• [Task]
Only one stretch of the data below is needed. Output the lines from the one with "Đại lộ Lê Lợi" up to and including the one with "air force 1 symbol", exactly as they stand.

• [Listed entries]

━━━━━━━━━━

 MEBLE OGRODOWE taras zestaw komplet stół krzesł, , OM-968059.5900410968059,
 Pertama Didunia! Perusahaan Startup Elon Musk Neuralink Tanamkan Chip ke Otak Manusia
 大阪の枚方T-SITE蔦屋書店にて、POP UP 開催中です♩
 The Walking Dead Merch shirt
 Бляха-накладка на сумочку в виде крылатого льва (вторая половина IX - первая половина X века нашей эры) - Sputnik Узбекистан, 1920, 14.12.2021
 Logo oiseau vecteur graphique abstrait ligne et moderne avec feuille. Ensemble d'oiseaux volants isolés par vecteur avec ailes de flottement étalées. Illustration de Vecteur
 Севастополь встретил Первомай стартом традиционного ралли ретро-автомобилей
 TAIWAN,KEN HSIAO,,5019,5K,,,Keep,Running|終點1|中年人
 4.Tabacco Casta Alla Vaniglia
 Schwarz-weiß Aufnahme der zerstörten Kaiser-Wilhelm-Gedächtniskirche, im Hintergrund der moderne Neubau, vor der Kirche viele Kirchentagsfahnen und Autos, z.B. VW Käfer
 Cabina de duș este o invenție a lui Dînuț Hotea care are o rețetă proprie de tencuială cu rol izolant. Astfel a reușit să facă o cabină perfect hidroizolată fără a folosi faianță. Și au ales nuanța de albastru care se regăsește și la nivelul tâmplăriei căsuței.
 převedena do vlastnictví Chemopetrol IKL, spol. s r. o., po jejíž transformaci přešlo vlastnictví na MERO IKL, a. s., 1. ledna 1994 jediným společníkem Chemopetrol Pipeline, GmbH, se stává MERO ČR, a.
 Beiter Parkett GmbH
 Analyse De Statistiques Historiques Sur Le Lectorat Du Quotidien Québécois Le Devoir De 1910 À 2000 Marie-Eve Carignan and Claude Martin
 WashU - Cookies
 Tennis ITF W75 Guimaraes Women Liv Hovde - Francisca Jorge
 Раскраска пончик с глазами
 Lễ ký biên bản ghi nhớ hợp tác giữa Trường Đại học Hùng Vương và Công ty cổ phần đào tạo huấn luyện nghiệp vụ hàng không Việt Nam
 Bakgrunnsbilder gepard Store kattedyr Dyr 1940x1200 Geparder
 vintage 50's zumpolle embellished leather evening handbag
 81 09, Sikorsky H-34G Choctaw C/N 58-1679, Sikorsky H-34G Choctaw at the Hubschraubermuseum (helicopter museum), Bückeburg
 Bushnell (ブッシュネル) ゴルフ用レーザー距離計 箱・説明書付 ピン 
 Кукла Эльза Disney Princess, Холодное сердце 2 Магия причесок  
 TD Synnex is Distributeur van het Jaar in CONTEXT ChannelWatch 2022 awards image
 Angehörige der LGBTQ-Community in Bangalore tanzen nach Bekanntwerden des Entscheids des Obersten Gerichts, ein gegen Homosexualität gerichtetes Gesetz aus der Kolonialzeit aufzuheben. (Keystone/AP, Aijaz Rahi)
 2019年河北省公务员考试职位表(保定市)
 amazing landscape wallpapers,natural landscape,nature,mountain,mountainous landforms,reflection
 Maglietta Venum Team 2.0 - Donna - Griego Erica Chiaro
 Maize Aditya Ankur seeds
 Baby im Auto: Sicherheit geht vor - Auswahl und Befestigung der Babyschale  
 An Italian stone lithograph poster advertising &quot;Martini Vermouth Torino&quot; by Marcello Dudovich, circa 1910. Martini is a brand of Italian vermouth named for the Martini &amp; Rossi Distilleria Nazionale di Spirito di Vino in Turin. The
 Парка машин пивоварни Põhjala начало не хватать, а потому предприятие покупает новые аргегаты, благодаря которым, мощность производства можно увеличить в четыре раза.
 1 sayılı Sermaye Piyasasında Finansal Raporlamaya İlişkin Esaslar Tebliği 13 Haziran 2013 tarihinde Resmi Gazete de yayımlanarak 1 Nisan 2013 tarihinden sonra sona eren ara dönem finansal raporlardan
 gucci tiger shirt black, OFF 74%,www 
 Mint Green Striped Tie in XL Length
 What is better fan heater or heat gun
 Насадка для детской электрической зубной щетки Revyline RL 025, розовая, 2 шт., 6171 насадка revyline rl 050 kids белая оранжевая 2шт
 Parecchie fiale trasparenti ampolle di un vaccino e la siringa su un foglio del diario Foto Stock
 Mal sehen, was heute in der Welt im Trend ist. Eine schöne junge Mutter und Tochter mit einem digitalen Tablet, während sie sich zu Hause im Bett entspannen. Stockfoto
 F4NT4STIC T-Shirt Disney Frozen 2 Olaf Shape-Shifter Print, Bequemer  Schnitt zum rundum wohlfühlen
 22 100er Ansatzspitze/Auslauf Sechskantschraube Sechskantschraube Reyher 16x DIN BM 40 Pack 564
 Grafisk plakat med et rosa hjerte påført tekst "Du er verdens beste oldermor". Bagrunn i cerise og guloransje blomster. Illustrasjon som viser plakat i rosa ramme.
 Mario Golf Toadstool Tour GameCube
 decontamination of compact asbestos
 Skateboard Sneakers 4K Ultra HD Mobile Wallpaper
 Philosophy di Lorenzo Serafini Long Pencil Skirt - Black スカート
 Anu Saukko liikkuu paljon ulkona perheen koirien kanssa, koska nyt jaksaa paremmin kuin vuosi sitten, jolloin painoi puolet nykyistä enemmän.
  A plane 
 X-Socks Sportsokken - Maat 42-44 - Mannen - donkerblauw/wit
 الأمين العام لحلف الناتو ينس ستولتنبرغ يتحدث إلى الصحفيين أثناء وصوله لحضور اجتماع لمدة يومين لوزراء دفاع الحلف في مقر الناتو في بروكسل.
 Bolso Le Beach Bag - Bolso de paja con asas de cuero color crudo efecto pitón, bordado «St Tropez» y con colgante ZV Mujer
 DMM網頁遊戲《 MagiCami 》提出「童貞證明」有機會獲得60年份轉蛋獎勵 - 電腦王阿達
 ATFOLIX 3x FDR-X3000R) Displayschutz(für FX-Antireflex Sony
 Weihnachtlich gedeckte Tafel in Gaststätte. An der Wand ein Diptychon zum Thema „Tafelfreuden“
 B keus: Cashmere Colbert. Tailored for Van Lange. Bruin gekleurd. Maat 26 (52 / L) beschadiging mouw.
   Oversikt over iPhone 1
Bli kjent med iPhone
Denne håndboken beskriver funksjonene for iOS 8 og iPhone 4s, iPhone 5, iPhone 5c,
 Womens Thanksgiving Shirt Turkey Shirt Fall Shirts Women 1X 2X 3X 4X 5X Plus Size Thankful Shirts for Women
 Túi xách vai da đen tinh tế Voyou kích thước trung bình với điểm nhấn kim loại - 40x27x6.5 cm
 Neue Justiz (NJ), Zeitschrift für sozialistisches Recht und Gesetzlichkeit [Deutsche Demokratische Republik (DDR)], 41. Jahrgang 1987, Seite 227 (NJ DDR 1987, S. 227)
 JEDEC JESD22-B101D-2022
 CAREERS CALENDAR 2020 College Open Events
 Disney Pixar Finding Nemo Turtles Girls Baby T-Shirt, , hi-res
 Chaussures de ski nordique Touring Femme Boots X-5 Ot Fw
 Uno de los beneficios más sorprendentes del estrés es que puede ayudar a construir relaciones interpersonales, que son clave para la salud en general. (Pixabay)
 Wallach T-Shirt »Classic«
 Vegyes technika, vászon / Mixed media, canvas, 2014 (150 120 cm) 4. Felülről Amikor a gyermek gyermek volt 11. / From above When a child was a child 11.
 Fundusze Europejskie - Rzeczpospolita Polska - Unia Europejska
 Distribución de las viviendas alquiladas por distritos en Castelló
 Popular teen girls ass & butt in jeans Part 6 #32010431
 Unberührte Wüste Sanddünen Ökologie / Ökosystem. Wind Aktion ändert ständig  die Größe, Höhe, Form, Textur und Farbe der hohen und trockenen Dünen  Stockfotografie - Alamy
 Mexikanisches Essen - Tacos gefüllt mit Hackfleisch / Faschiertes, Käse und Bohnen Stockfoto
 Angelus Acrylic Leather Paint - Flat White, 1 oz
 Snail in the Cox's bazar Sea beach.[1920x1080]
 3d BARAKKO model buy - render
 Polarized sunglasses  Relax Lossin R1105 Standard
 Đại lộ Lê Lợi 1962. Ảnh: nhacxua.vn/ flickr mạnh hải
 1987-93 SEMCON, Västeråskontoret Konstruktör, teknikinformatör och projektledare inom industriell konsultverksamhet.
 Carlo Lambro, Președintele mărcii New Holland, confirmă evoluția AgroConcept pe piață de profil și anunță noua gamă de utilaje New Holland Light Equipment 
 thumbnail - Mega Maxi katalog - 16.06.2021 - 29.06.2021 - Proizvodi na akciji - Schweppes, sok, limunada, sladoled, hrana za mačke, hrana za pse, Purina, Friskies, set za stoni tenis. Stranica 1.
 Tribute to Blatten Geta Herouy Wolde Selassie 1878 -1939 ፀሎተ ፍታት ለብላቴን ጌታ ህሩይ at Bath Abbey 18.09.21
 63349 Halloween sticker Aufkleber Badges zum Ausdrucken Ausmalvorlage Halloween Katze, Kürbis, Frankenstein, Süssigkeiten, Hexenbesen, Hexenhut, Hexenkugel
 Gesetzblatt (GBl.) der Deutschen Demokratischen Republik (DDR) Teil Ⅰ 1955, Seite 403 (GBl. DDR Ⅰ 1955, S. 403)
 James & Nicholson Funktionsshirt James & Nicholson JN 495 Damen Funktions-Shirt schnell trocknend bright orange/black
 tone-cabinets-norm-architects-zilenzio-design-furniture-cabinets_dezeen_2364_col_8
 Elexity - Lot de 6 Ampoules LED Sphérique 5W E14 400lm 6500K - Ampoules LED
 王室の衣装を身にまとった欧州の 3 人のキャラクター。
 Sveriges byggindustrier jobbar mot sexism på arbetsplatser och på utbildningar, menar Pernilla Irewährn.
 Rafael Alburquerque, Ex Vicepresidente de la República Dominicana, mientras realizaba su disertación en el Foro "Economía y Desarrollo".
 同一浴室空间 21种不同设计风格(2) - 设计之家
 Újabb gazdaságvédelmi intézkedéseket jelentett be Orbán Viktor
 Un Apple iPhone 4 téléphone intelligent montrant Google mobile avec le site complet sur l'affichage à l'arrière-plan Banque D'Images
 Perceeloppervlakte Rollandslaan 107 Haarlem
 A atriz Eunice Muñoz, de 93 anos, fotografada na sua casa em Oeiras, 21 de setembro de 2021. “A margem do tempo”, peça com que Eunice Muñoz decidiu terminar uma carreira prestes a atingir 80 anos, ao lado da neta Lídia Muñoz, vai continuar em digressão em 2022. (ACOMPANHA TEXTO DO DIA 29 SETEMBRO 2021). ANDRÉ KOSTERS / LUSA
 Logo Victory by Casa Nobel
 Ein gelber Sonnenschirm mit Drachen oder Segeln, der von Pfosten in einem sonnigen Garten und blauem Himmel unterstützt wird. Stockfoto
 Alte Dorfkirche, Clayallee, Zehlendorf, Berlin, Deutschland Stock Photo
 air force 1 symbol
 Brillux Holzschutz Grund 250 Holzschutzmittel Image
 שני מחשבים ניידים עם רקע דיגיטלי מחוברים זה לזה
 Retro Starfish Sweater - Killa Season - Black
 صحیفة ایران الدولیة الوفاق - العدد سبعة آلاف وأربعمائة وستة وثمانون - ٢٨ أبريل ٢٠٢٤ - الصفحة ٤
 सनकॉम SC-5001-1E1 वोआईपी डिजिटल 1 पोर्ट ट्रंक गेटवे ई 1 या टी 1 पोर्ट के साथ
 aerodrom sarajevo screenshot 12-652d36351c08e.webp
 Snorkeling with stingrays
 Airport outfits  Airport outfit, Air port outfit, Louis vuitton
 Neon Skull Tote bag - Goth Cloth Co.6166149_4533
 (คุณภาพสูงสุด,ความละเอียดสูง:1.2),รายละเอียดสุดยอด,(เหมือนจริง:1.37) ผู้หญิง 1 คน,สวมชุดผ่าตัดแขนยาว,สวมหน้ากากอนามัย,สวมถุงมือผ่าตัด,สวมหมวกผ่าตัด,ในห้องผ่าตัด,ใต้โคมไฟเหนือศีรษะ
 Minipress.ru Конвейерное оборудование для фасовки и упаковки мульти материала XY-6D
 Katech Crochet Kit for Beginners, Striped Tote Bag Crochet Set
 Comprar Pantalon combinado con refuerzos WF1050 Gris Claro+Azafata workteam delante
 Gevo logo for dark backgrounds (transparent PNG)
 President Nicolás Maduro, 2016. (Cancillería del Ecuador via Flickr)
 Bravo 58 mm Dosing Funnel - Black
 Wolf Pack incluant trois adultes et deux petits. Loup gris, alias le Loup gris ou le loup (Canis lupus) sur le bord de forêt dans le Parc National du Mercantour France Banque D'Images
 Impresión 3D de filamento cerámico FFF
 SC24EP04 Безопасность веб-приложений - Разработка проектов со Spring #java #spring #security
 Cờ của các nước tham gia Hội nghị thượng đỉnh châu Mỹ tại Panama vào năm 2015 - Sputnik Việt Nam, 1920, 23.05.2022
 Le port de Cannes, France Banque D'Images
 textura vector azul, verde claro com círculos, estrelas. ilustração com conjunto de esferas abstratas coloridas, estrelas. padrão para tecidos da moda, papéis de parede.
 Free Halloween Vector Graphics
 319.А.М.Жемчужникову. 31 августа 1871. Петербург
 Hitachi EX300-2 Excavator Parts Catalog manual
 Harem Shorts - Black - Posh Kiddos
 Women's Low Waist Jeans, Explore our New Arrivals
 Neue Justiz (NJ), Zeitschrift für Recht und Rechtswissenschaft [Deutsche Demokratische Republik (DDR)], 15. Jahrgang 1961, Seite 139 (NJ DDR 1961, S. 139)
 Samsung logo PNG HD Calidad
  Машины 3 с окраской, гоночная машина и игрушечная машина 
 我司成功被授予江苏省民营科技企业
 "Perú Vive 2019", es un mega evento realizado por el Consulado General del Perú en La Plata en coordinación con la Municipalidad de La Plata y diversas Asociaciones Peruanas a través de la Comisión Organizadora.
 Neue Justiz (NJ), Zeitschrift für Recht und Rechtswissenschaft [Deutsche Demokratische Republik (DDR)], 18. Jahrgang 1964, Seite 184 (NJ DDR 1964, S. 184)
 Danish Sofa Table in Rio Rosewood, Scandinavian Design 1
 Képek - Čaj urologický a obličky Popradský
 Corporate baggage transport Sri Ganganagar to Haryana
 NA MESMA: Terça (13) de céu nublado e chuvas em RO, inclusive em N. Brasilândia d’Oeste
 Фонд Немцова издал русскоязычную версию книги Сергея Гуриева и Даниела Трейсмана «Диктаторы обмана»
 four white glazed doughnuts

━━━━━━━━━━

• [Finished exercise]
 Đại lộ Lê Lợi 1962. Ảnh: nhacxua.vn/ flickr mạnh hải
 1987-93 SEMCON, Västeråskontoret Konstruktör, teknikinformatör och projektledare inom industriell konsultverksamhet.
 Carlo Lambro, Președintele mărcii New Holland, confirmă evoluția AgroConcept pe piață de profil și anunță noua gamă de utilaje New Holland Light Equipment 
 thumbnail - Mega Maxi katalog - 16.06.2021 - 29.06.2021 - Proizvodi na akciji - Schweppes, sok, limunada, sladoled, hrana za mačke, hrana za pse, Purina, Friskies, set za stoni tenis. Stranica 1.
 Tribute to Blatten Geta Herouy Wolde Selassie 1878 -1939 ፀሎተ ፍታት ለብላቴን ጌታ ህሩይ at Bath Abbey 18.09.21
 63349 Halloween sticker Aufkleber Badges zum Ausdrucken Ausmalvorlage Halloween Katze, Kürbis, Frankenstein, Süssigkeiten, Hexenbesen, Hexenhut, Hexenkugel
 Gesetzblatt (GBl.) der Deutschen Demokratischen Republik (DDR) Teil Ⅰ 1955, Seite 403 (GBl. DDR Ⅰ 1955, S. 403)
 James & Nicholson Funktionsshirt James & Nicholson JN 495 Damen Funktions-Shirt schnell trocknend bright orange/black
 tone-cabinets-norm-architects-zilenzio-design-furniture-cabinets_dezeen_2364_col_8
 Elexity - Lot de 6 Ampoules LED Sphérique 5W E14 400lm 6500K - Ampoules LED
 王室の衣装を身にまとった欧州の 3 人のキャラクター。
 Sveriges byggindustrier jobbar mot sexism på arbetsplatser och på utbildningar, menar Pernilla Irewährn.
 Rafael Alburquerque, Ex Vicepresidente de la República Dominicana, mientras realizaba su disertación en el Foro "Economía y Desarrollo".
 同一浴室空间 21种不同设计风格(2) - 设计之家
 Újabb gazdaságvédelmi intézkedéseket jelentett be Orbán Viktor
 Un Apple iPhone 4 téléphone intelligent montrant Google mobile avec le site complet sur l'affichage à l'arrière-plan Banque D'Images
 Perceeloppervlakte Rollandslaan 107 Haarlem
 A atriz Eunice Muñoz, de 93 anos, fotografada na sua casa em Oeiras, 21 de setembro de 2021. “A margem do tempo”, peça com que Eunice Muñoz decidiu terminar uma carreira prestes a atingir 80 anos, ao lado da neta Lídia Muñoz, vai continuar em digressão em 2022. (ACOMPANHA TEXTO DO DIA 29 SETEMBRO 2021). ANDRÉ KOSTERS / LUSA
 Logo Victory by Casa Nobel
 Ein gelber Sonnenschirm mit Drachen oder Segeln, der von Pfosten in einem sonnigen Garten und blauem Himmel unterstützt wird. Stockfoto
 Alte Dorfkirche, Clayallee, Zehlendorf, Berlin, Deutschland Stock Photo
 air force 1 symbol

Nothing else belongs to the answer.